Treasures of the Church- Holy Sites

San pietro in ciel d'oro

San Pietro in Ciel d'Oro (Italian for "Saint Peter's in the Golden Sky") is a Roman Catholic basilica of the Augustinians in Pavia, Italy. Pope Benedict XVI visited here in April of 2007. The earliest news that we have of this Basilica dates to the year 604 AD. The building is not the original one. It follows another that was in early-Christian style, with simple columns and a wooden ceiling. The current Basilica, in Romanic-Lombard form, dates to the twelfth century. It was consecrated by Pope Innocent II in 1132. It inherited the name of “ciel d’oro” (golden sky) because the wooden ceiling of the early-Christian church was decorated with golden-colored paint. The exterior is simply of brick. The basilica is mentioned by Dante, Petrarca and Boccaccio.

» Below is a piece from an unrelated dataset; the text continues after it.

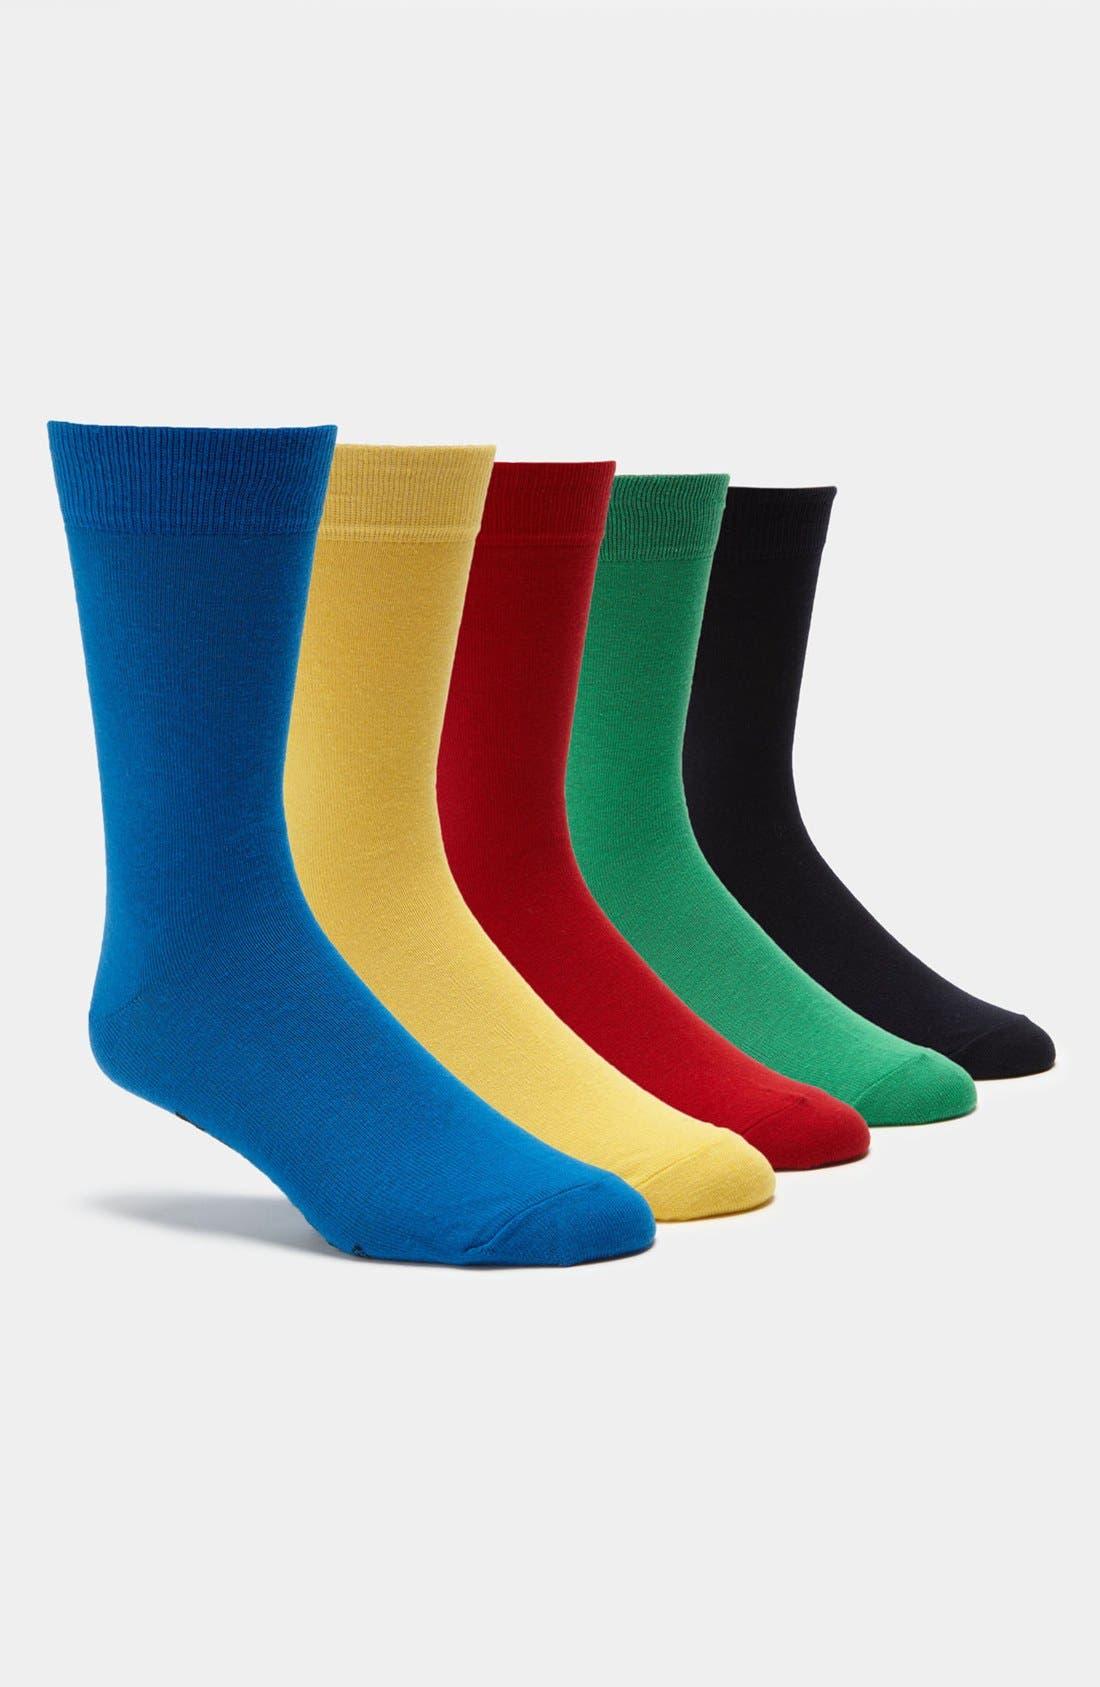 Alternate Image 1 Selected - Topman Bright Socks (5-Pack)

The Basilica has three naves. At the end of the right nave, the floor of the apse shows the remains of a mosaic of the twelfth century. In the left nave, which is still the original construction, there are traces of frescoes from the fifteenth and sixteenth century. The majestic vault of the central nave was rebuilt in 1487 by the architect Giacomo Da Candia of Pavia.

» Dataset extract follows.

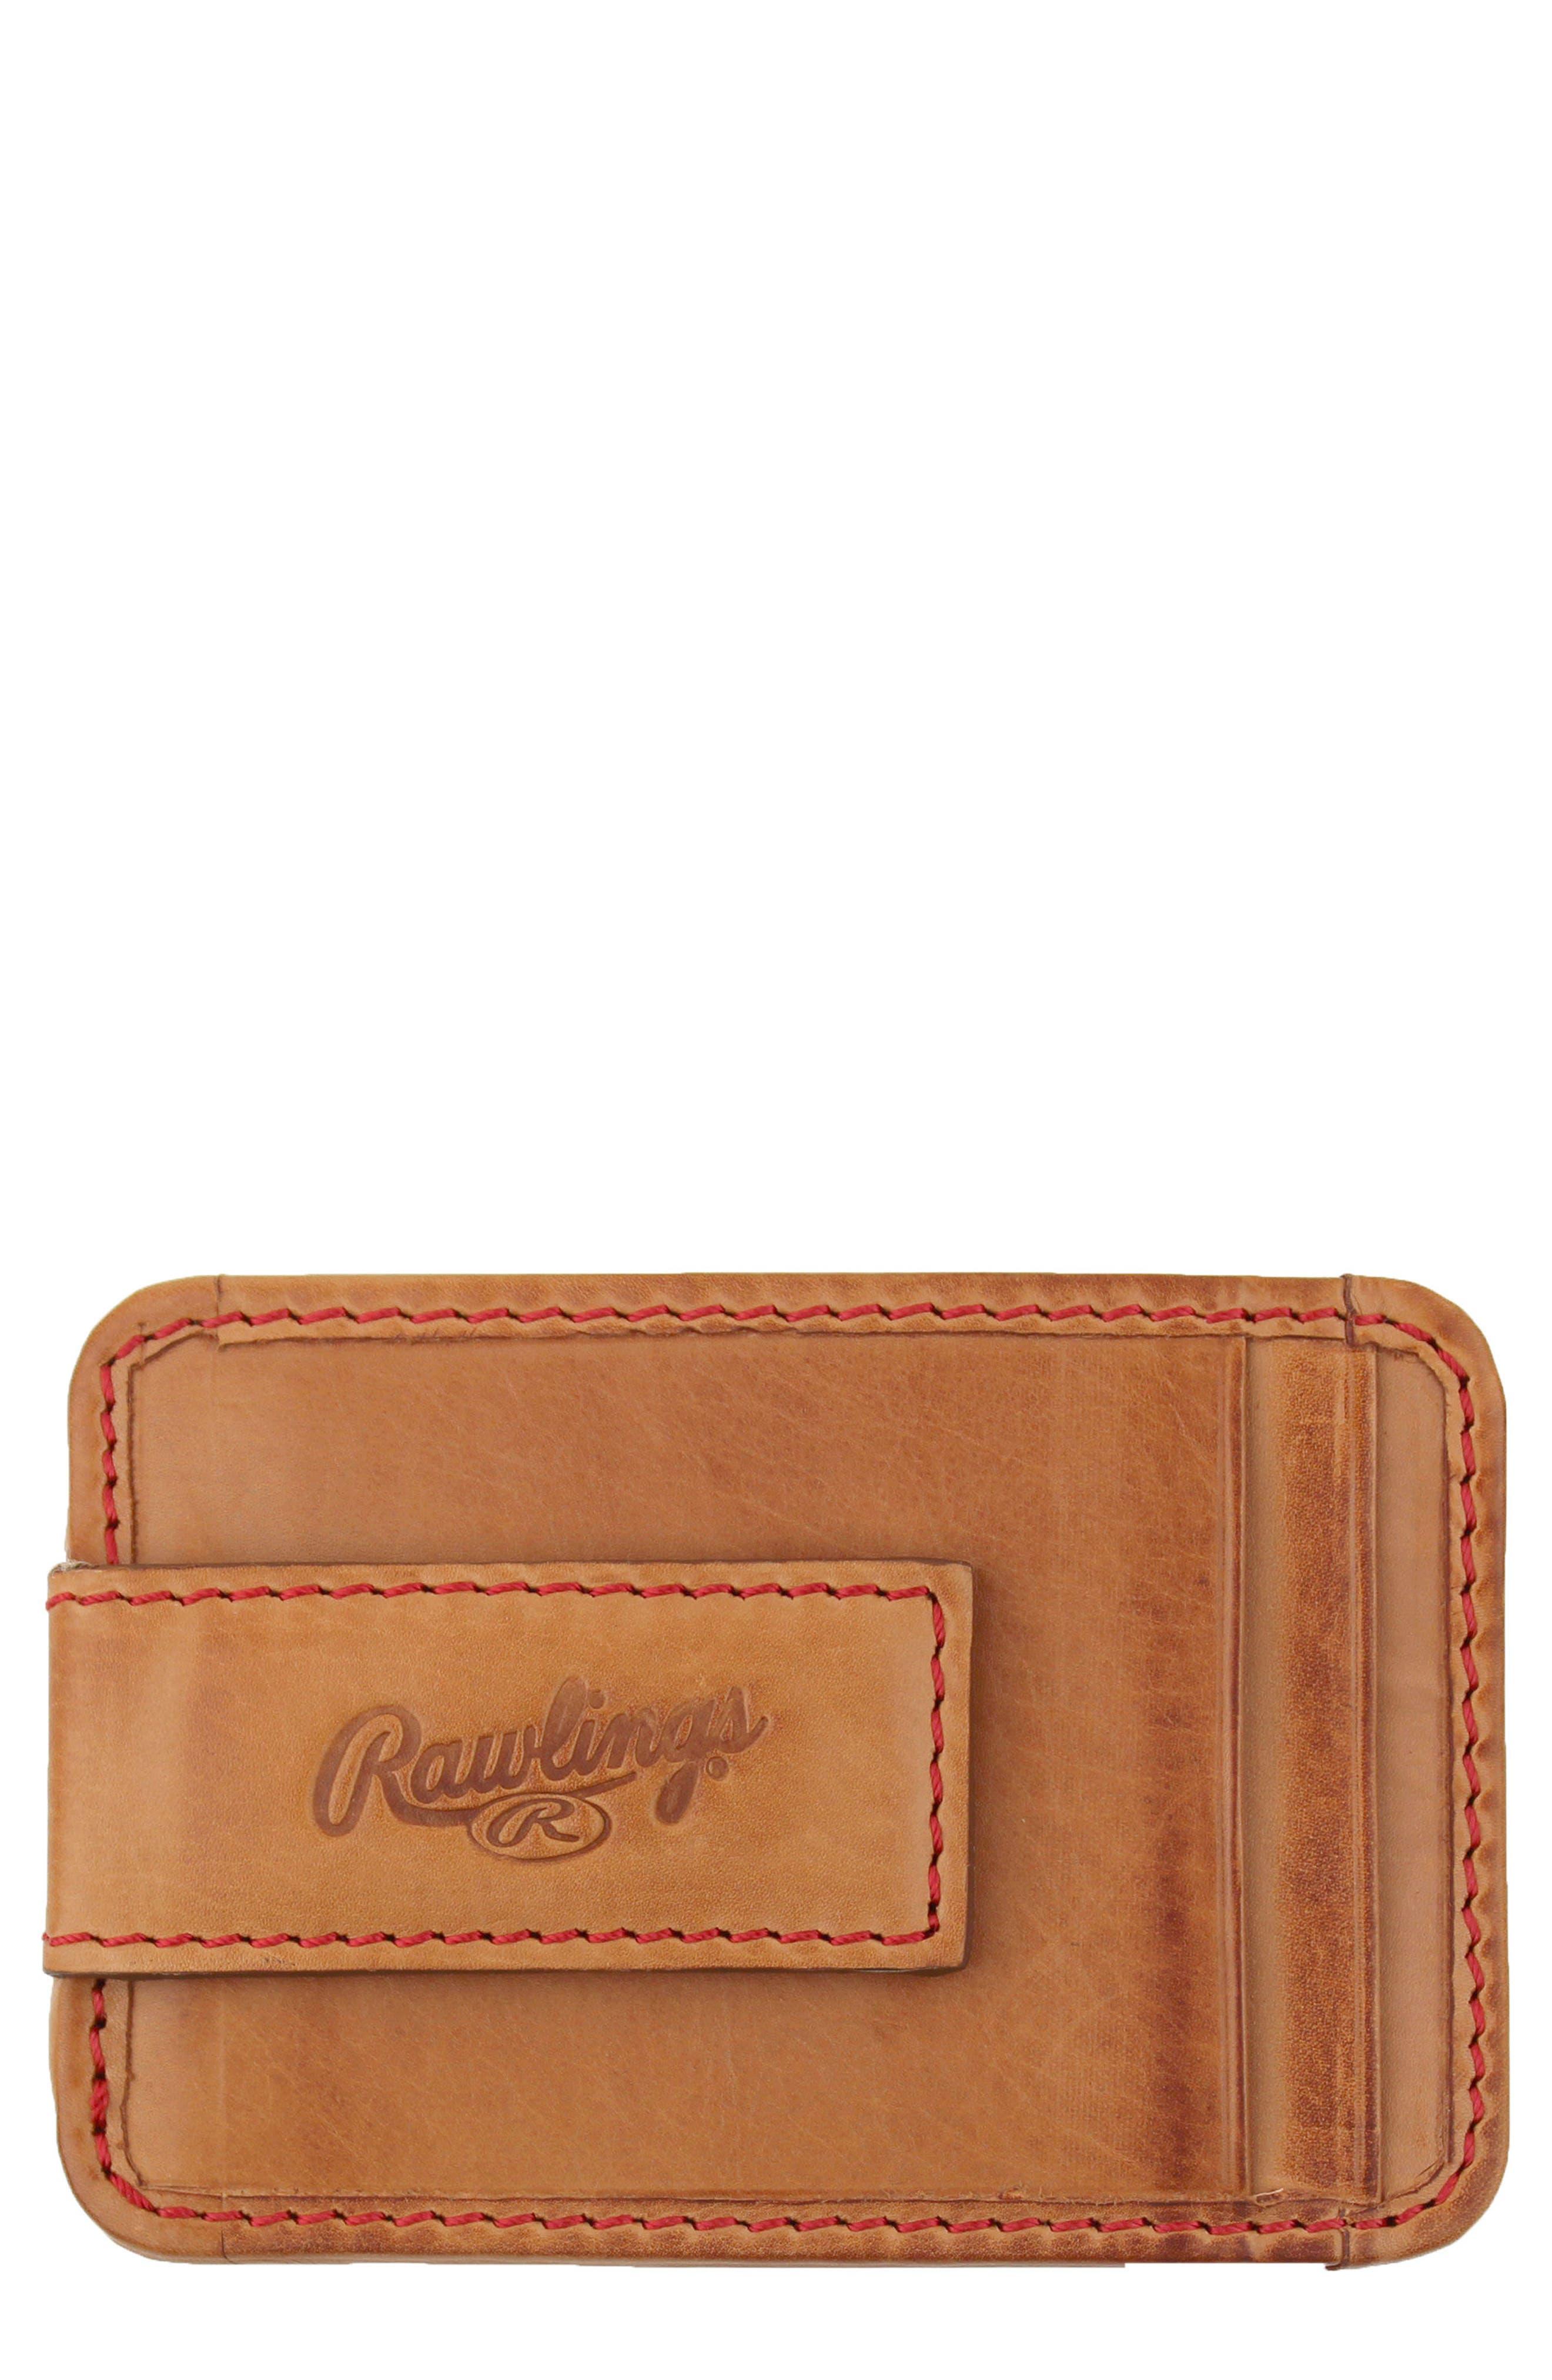 Baseball Stitch Money Clip Card Case,                         Main,                         color, Tan

The church is the resting place for the remains of St. Augustine of Hippo. The presbytery is dominated by the marble Ark of St Augustine, raised on a crypt. This is a masterpiece of Lombard sculpture of the fourteenth century. It is decorated with 95 statues. In 1327 Pope John XXII issued the papal bull Veneranda Santorum Patrum, in which he appointed the Augustinians guardians of the tomb of St. Augustine, which was remade in 1362 and elaborately carved with scenes from St. Augustine’s life. These include St. Augustine’s conversion, his baptism, the miracles after his death, and the transfer of his relics to Pavia.

There is also a crypt in which is buried Severino Boezio. The soul of this great consul, senator, philosopher, is mentioned by Dante in the tenth canto of “il Paradiso.” To the right of the crypt lies the body of Liutprando, king of the Longbards. He was rendered for ever meritorious for the splendor that he assured this Basilica by transferring holy relics of St. Augustine in the year 724 from Sardinia. These relics, discovered in the crypt in 1695, now lie in a silver urn at the foot of the marble Ark.

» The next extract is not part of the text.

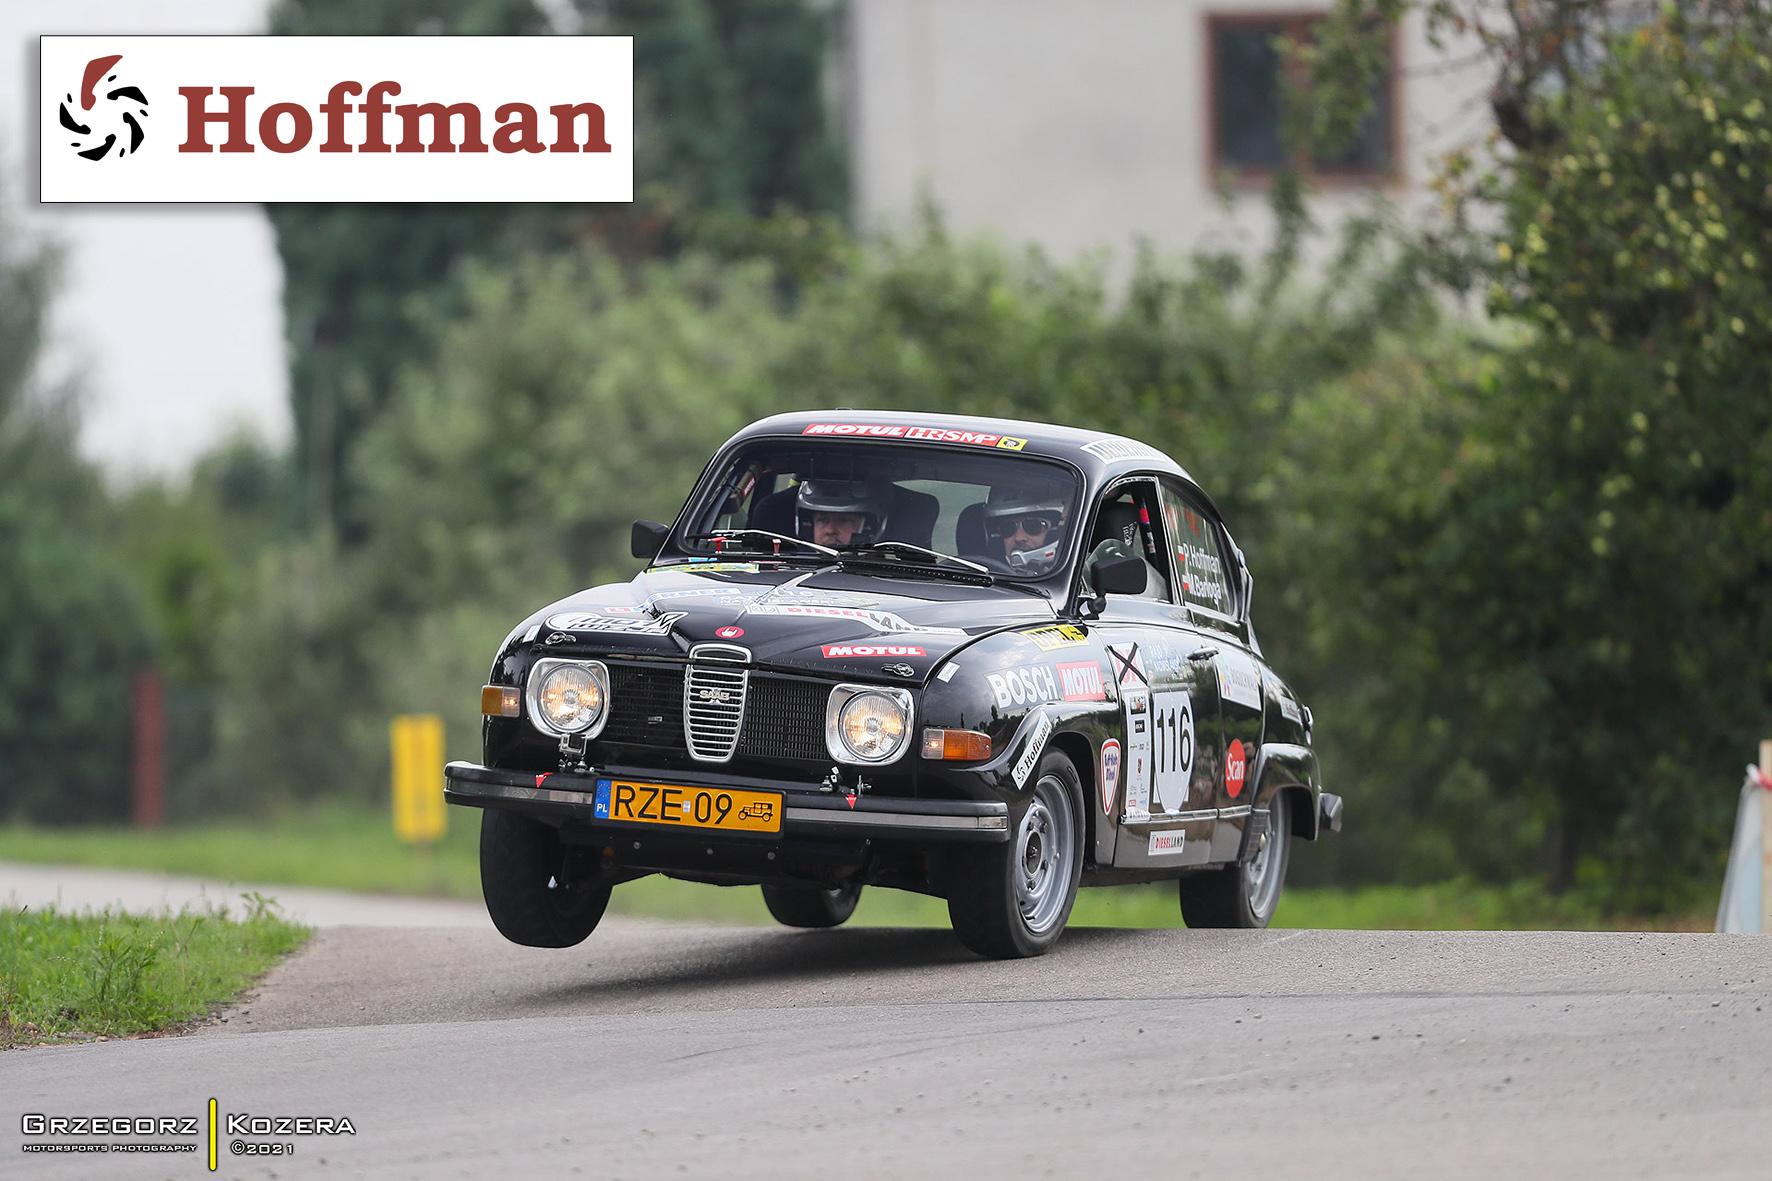 Saab 96 Hoffman Auto

The sacristy of the Basilica is impressive. With a ribbed vault, it is rich in “grotesque” decorations, attributed to the sixteenth century. There is also a seventeenth century canvas portraying St Augustine conversing with St. Jerome. The two marble altars are by the sculptor Giovanni Scapolla, native of Pavia. One is dedicated to St. Rita, dating to 1940. The other, dedicated to the Sacred Heart, dates to 1963.